Nicholas Murray Butler (April 2, 1862December 7, 1947) was an American philosopher, diplomat, and educator. Butler was president of Columbia University, president of the Carnegie Endowment for International Peace, and a recipient of the Nobel Peace Prize.

Sourced[edit]

  • There was a time when philosophy might have been defined as the science of human activity, so all-comprehensive was it. The ambitious Greek who would attach his name to a philosophical system must include in his scheme all that could be known, done, and speculated about God, the world, and man. In the course of time and the specialization of the sciences this view of philosophy fell away, and was replaced by the more exact and narrower conception of modern times.

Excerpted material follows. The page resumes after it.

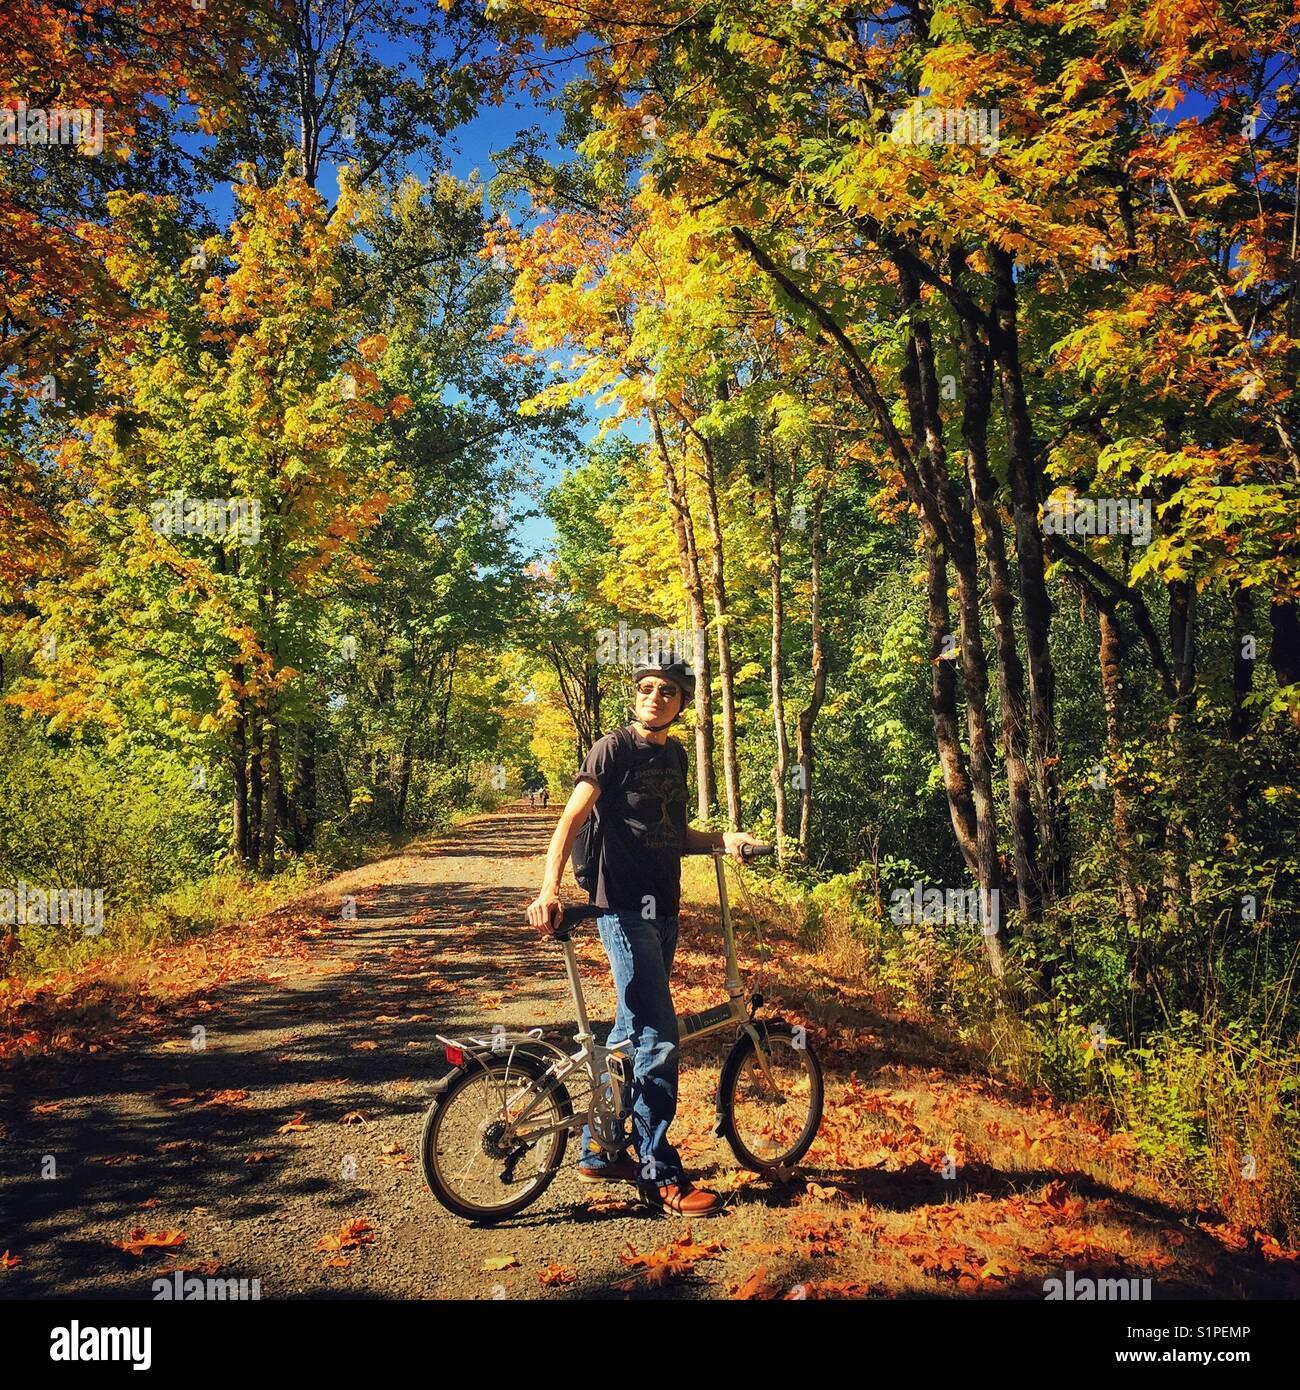 Mann hält auf einem Radweg an einem sonnigen Tag durch Falllaub an einem sonnigen Tag umgeben zu Rest Stockbild

  • The United States is in sore need today of an aristocracy of intellect and service. Because such an aristocracy does not exist in the popular consciousness, we are bending the knee to the golden calf of money. The form of monarchy and its pomp offer a valuable foil to the worship of money for its own sake. A democracy must provide itself with a foil of its own and none is better or more effective than an aristocracy of intellect and service.
  • Many definitions have been given of the word “education,” but underlying them all is the conception that it denotes an attempt on the part of the adult members of a human society to shape the development of the coming generation in accordance with its own ideals of life. It is true that the word has not infrequently been used in wider senses than this.
    • Butler (1911) "Education" in Encyclopædia Britannica, (11th ed.), 1911. (United States)
  • All the problems of the world could be settled easily if men were only willing to think. The trouble is that men very often resort to all sorts of devices in order not to think, because thinking is such hard work.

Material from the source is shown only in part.